Virtualization may be used to provide some physical components as logical objects to allow running various software modules, concurrently and in isolation from other software modules, on a computing device or a collection of connected computed devices. Virtualization may allow, for example, for consolidating multiple physical servers into one physical server running multiple guest virtual machines to improve the hardware utilization rate. A virtual machine can be a substantially isolated environment that has its own operating system, software applications, and virtualized hardware. For instance, a virtual machine can have a virtual Central Processing Unit (vCPU), a virtual Random Access Memory (vRAM), and other components.

Virtualization may be achieved by running a software layer, often referred to as a hypervisor, to manage processor resources allocated to guest virtual machines. A hypervisor may virtualize the physical layer and provide interfaces between the underlying hardware and guest virtual machines and any guest operating systems. The hypervisor can use these interfaces to manage resources given to applications running on a guest virtual machine.

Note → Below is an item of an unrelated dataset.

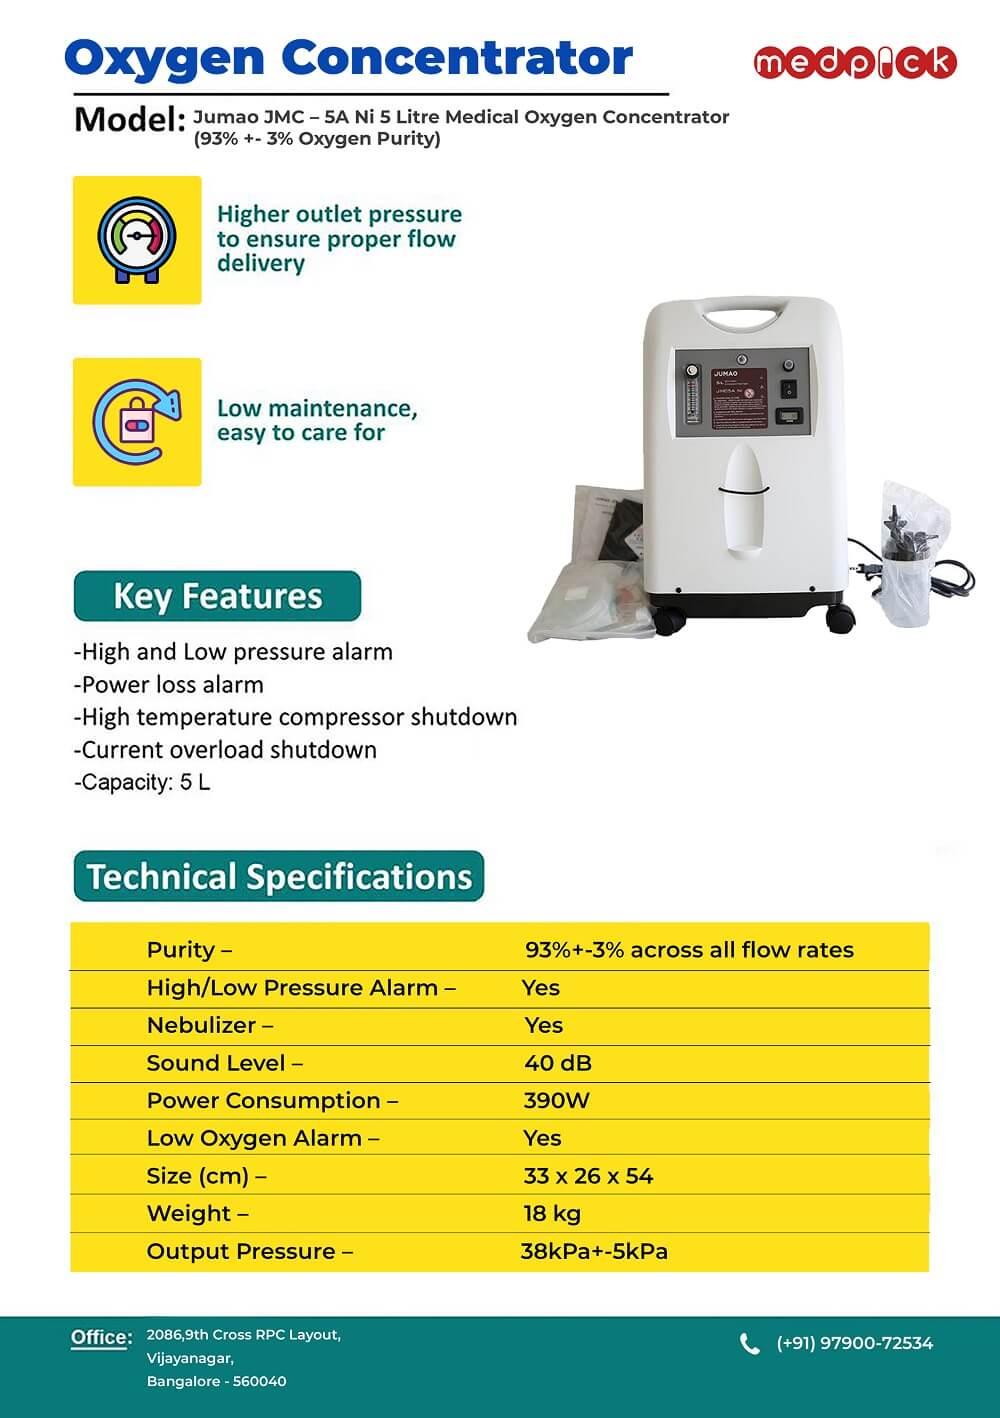 Jumao JMC – 5A Ni 5 Litre Medical Oxygen Concentrator (93% +- 3% Oxygen Purity)

BRIEF DESCRIPTION OF THE DRAWINGS

FIG. 1 is a block diagram of an example of a computing environment supporting legacy input/output (I/O) device functionality for virtual machines, according to some aspects of the present disclosure.

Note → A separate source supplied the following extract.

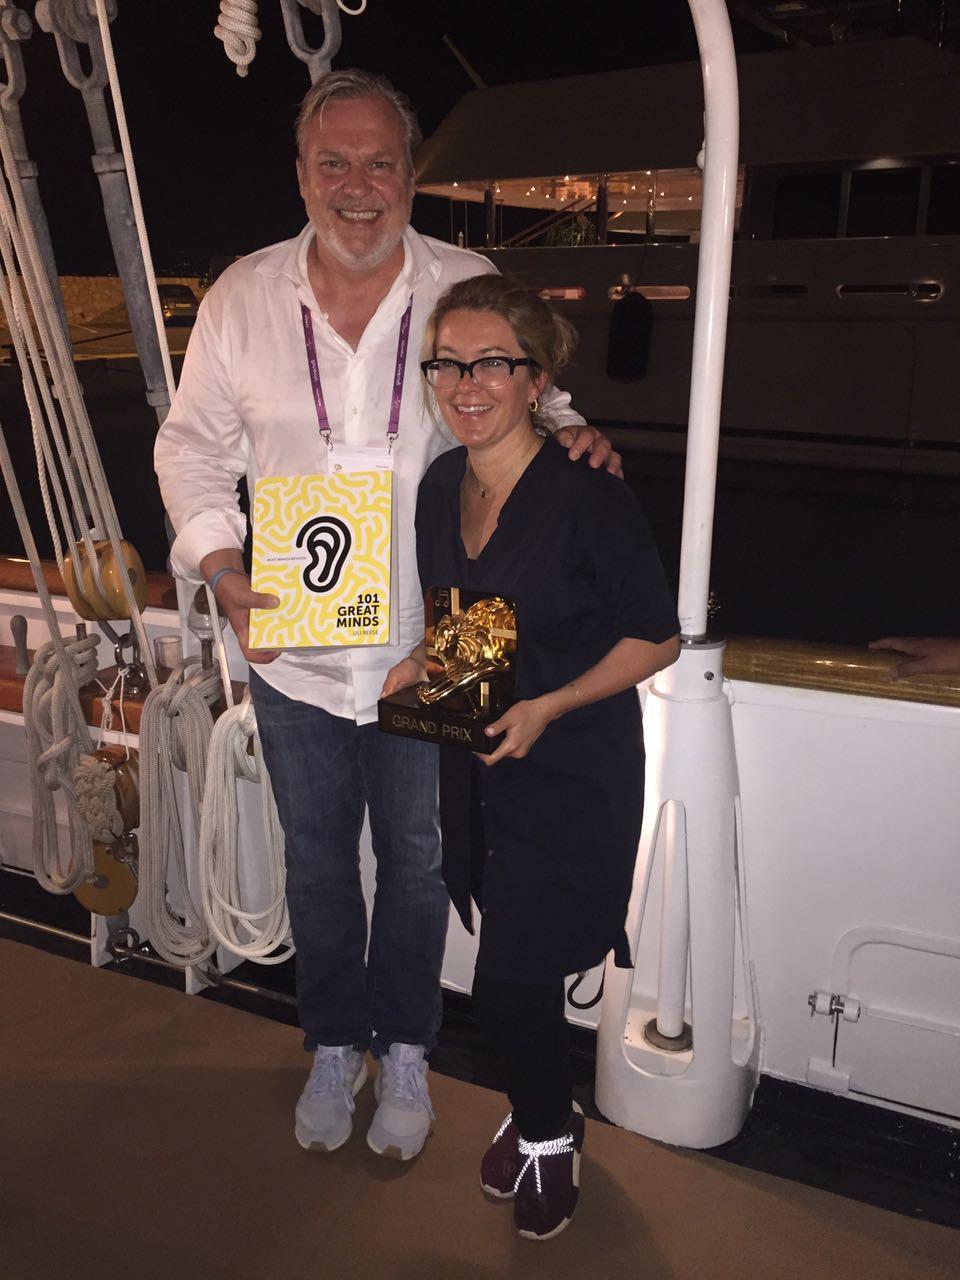 Uli & Alegra at the 2017 Cannes Lions Festival of Creativity.

FIG. 2 is a block diagram of another example of a computing environment supporting legacy I/O device functionality for virtual machines, according to some aspects of the present disclosure.

FIG. 3 is a flowchart of an example of a process for supporting legacy I/O device functionality for a virtual machine in a computing environment, according to some aspects of the present disclosure.

DETAILED DESCRIPTION

Some computing environments include input/output (I/O) devices such as peripheral component interface (PCI) devices or other network interface cards. Such computing environments may also host guest virtual machines that may use I/O ports of such I/O devices. For many I/O devices (e.g., PCI express devices), support for such I/O ports may be going away and may not be supported for virtual functions under single root input/output virtualization (SR-IOV). It may be common for guest virtual machines to use unsupported I/O ports, which are also referred to herein as legacy I/O ports (e.g., ports that are partially or fully superseded by replacement ports). Using legacy I/O ports may allow for increasing range of performance of emulation for some computer architecture such as x86 or due to ease of access from limited environments such as firmware. Conventional techniques for providing virtual machine access to legacy I/O ports may involve emulating a legacy device and forwarding requests to, for example, a virtual function. But such emulation may require significant software resources, uses up CPU, and my present a security attack surface for host and guest virtual machines (e.g., with confidential containers).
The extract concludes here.